Y	Hacker News new \| ask \| show \| jobs


	by jdagostino 5334 days ago
	what did you end up going with?

1 comments

electic 5334 days ago

Our company is a big data company. So our amazing engineers are responsible for storing hundreds of millions of pieces of data per week AND also crunching and analyzing that data. So basically we need a system where we can have incredible write and read performance but also a system that is elastic in nature. Most importantly, it has to be available.

Before I go into more details, MongoDB is great for most people who don't have a high transaction volume. It is easy to setup and easy to use. So if you are in this camp, MongoDB is probably a good fit for you.

We did about two months worth of extensive tests in our lab. Basically two things didn't bode well for us. One, the locking killed reading...we just had a hard time keeping the flow of writes and the flow of data to our statistics cluster alive. Yea, you could use replication but that too didn't work too well performance wise. Two, the sharding didn't seem that robust. As the cluster got bigger and bigger, we started noticing the overhead of keeping it up was getting to be too great. Rather than write in detail, I think this article covers some of the scaling issues we experienced:

http://blog.schmichael.com/2011/11/05/failing-with-mongodb/

We finally used a hybrid system. We went with Membase, now CouchBase, to handle immediate storage and we are now implementing Hadoop for our long term storage needs.
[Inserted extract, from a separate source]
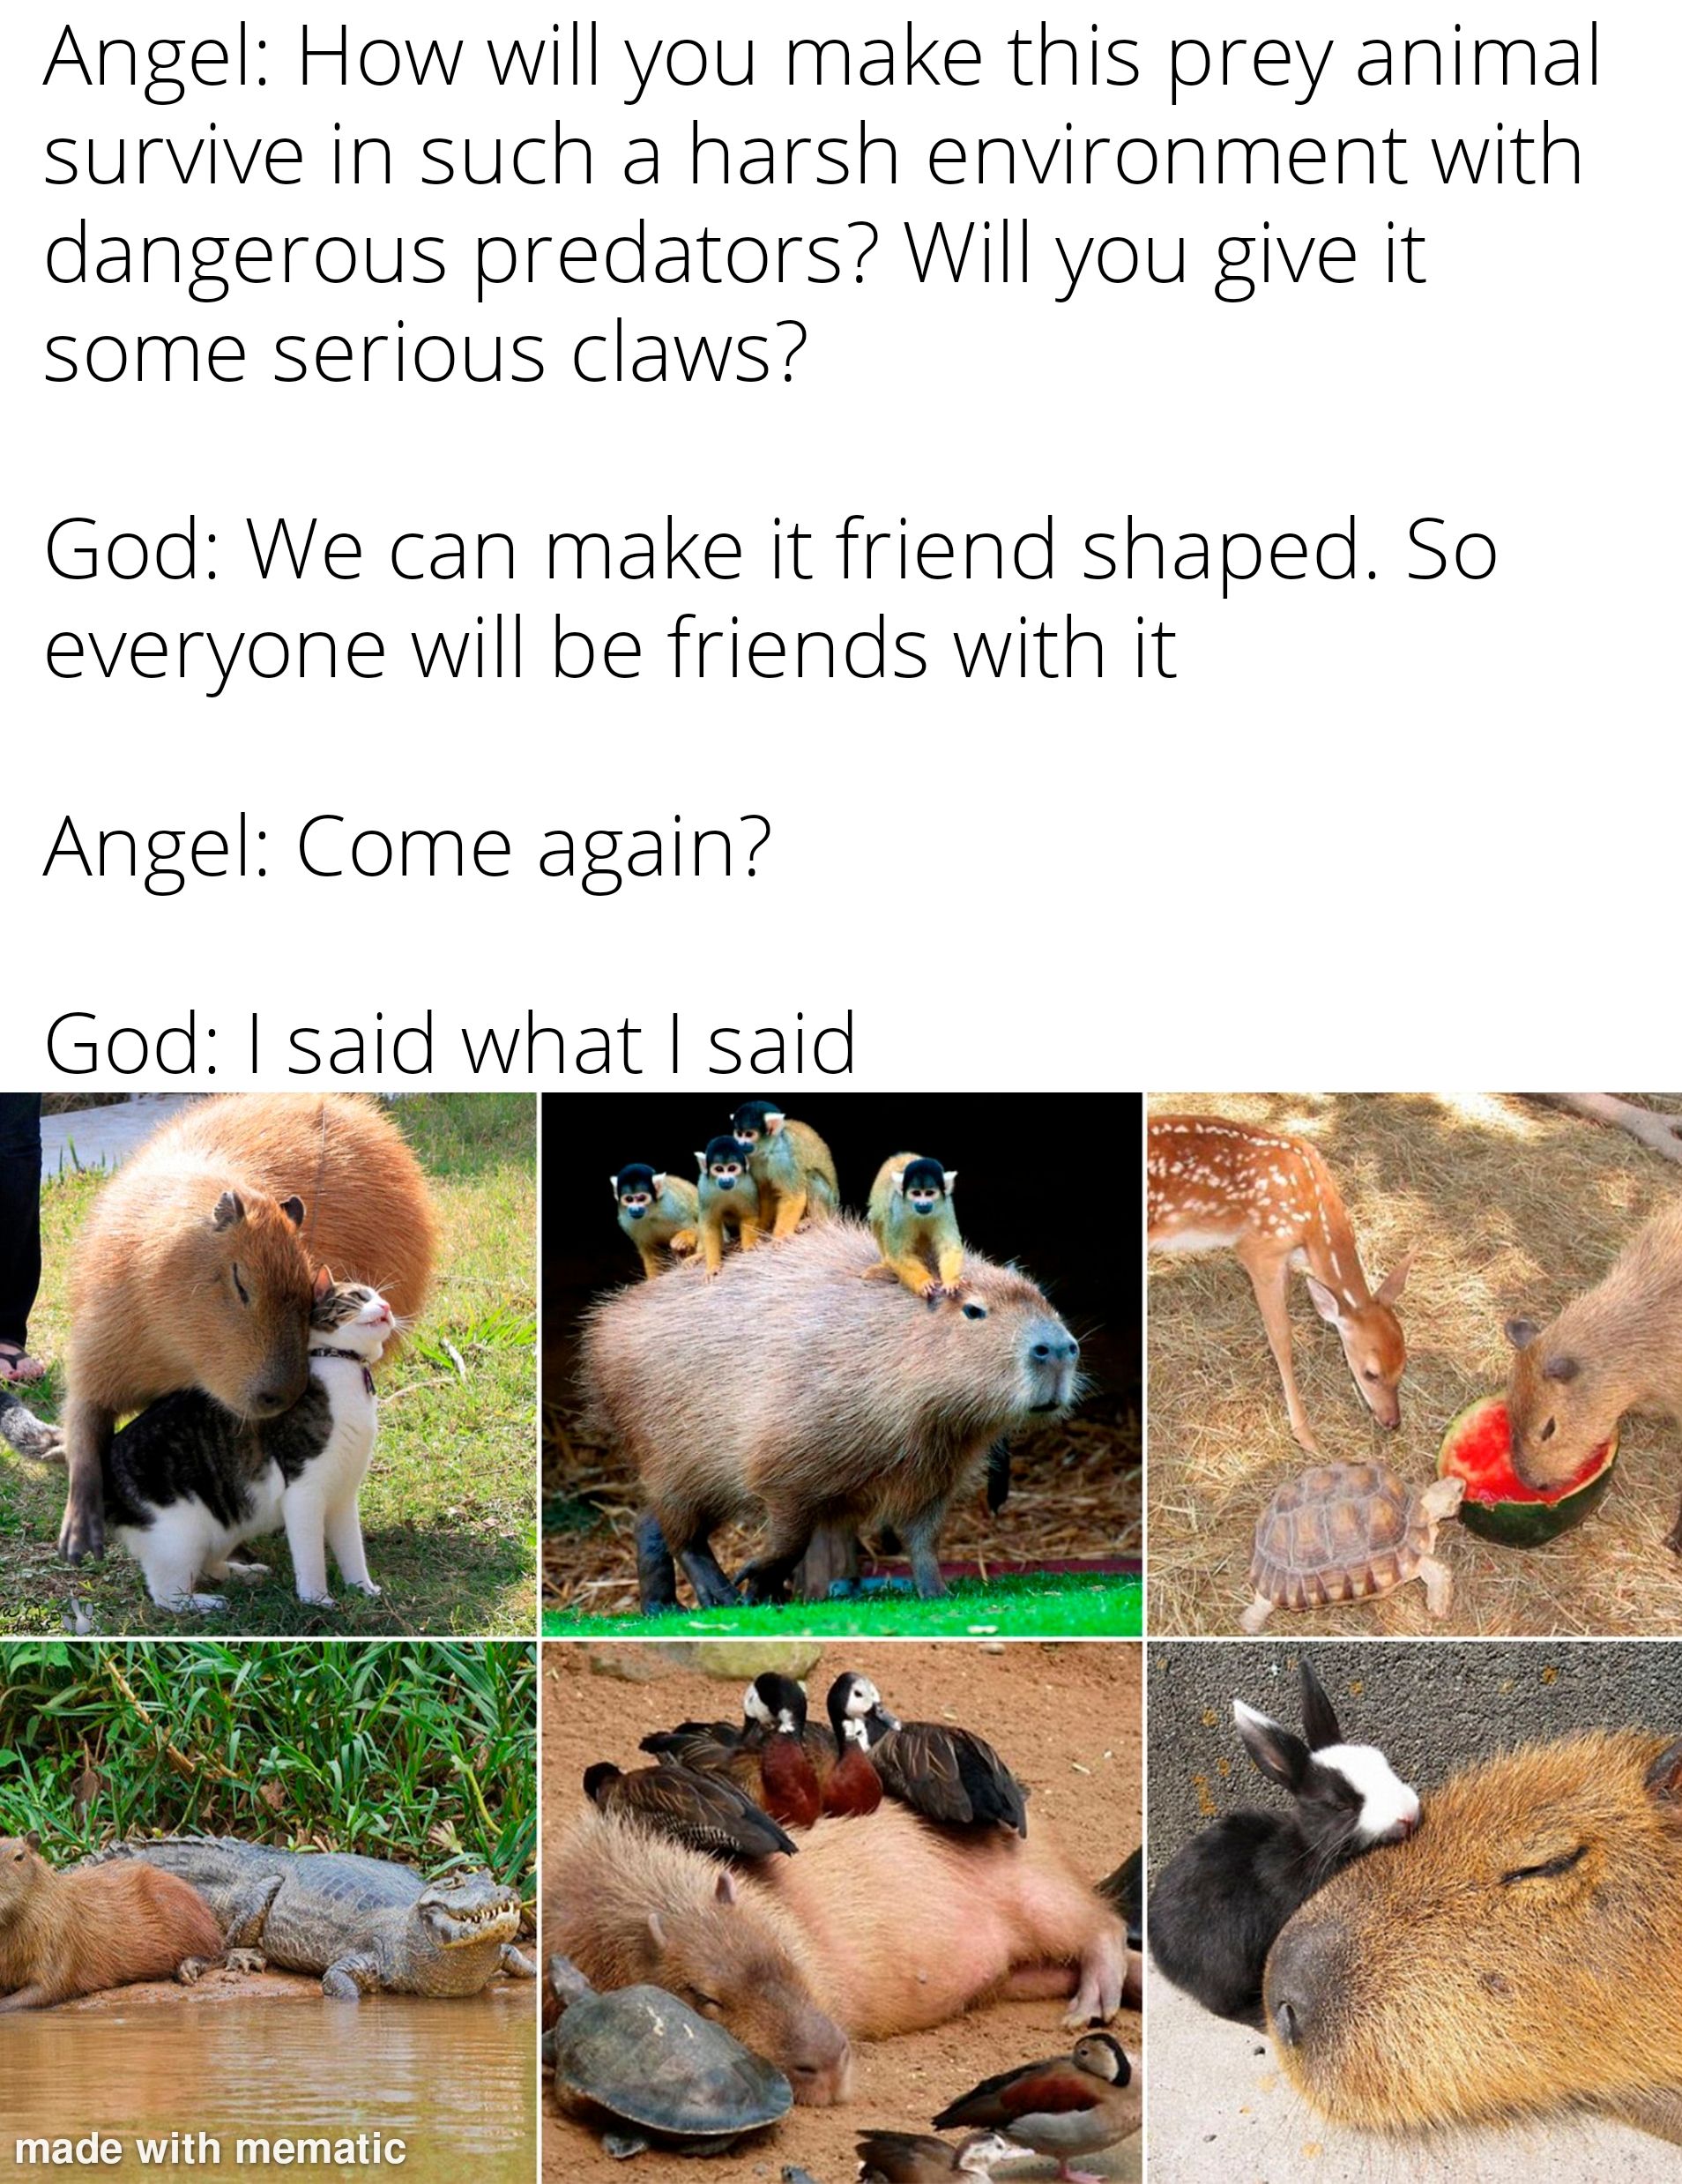 Capybaras have maxed their friendship skill

P.S. Our entire stack is a KV in nature.

link

Goldcap 5334 days ago

Just reading about your transactional volume, it seems like at it's face MongoDB wouldn't be a good fit for this project. 30k per second is not anywhere MongoDB pretends to live, I think by their own admission. And Sharding in MongoDB, while being called a core feature, was bolted on after core development, probably intended to give Mongo some credibility with those who want it to be more scalable. IMHO if you need that kind of scalability, you're already straying from the Mongo Niche, 2.0.0 notwithstanding.
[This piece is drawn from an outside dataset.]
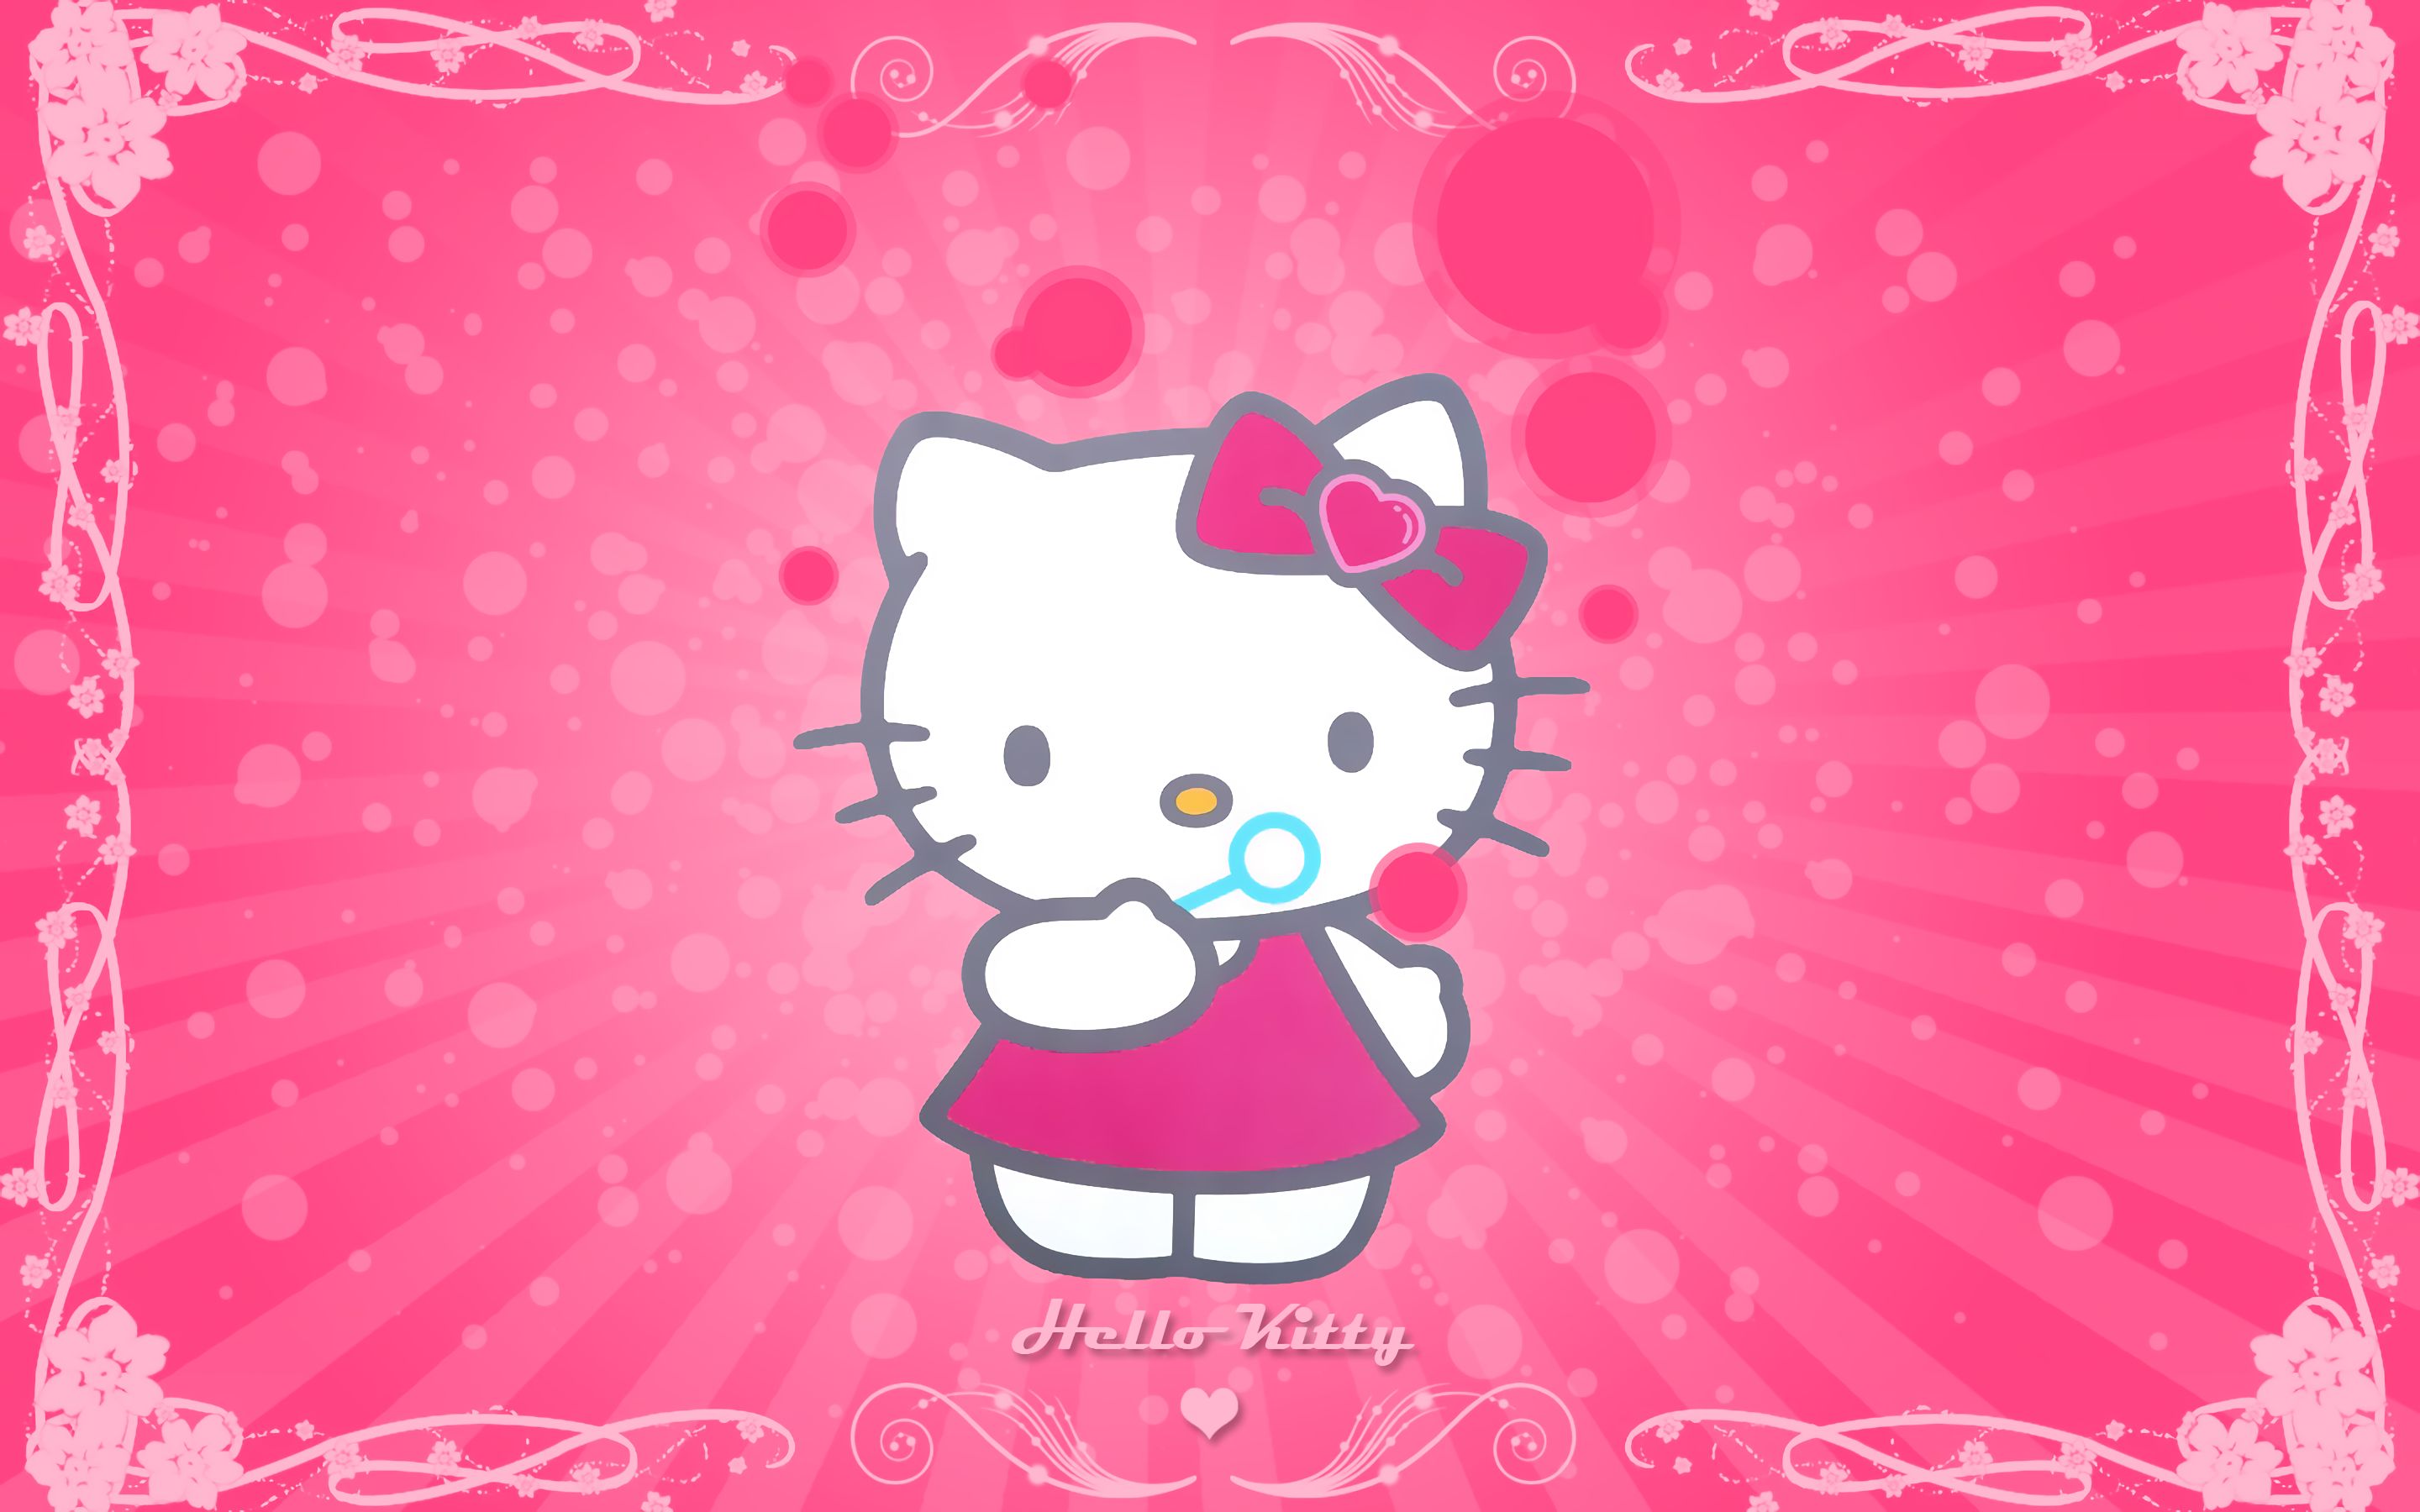 Laden Sie Hello Kitty HD-Desktop-Hintergründe herunter

So agreeing with a point earlier, if you don't like a write lock implementation, and have concerns about scaling, and have a huge transactional volume, just really not something that fits well with MongoDB.

I've been using Mongo now (currently using 1.8) for three (is it almost three now?) years, 2 million hits/day, with a replicated set, and while I've needed maintenance, reindexing, and (gasp) restarts on occasion, never had any of the problems identified by the author of this post.

Bottom line, sounds to me like someone was in over someone's head from an architectural standpoint, made a bad choice of MongoDB, and then blamed 10gen for his own lack of foresight. So while I empathize with the struggle, I fault him for not knowing his options in advance, TESTING first, then betting the farm on a fairly new opensource codebase.

LOTS of other database solutions that would scale better. Analyzing lots and lots of transactional stateless data with MongoDB map-reduce? Well, just kinda like killing yourself by trying to sprint up from the bottom of the Grand Canyon. "You really tried to do that?"

link

christkv 5334 days ago

there's an initial hadoop plugin for mongo that might be a better fit for doing map-reduce over large datasets https://github.com/mongodb/mongo-hadoop

link

bdarfler 5334 days ago

We easily support 10s of millions of writes and reads against Mongo per hour on a very small (single digit) number of shards in the cloud (i.e. crappy disk I/O). While that is around an order of magnitude less than 30k a second I would be surprised if we couldn't scale mostly linearly by adding shards.

P.S. If your stack is KV then you should use a KV store.

link

electic 5334 days ago

"I would be surprised if we couldn't scale mostly linearly by adding shards"

MongoDB aside, why should you assume? You should test the heck out of any DB solution before using it to base your product on.

link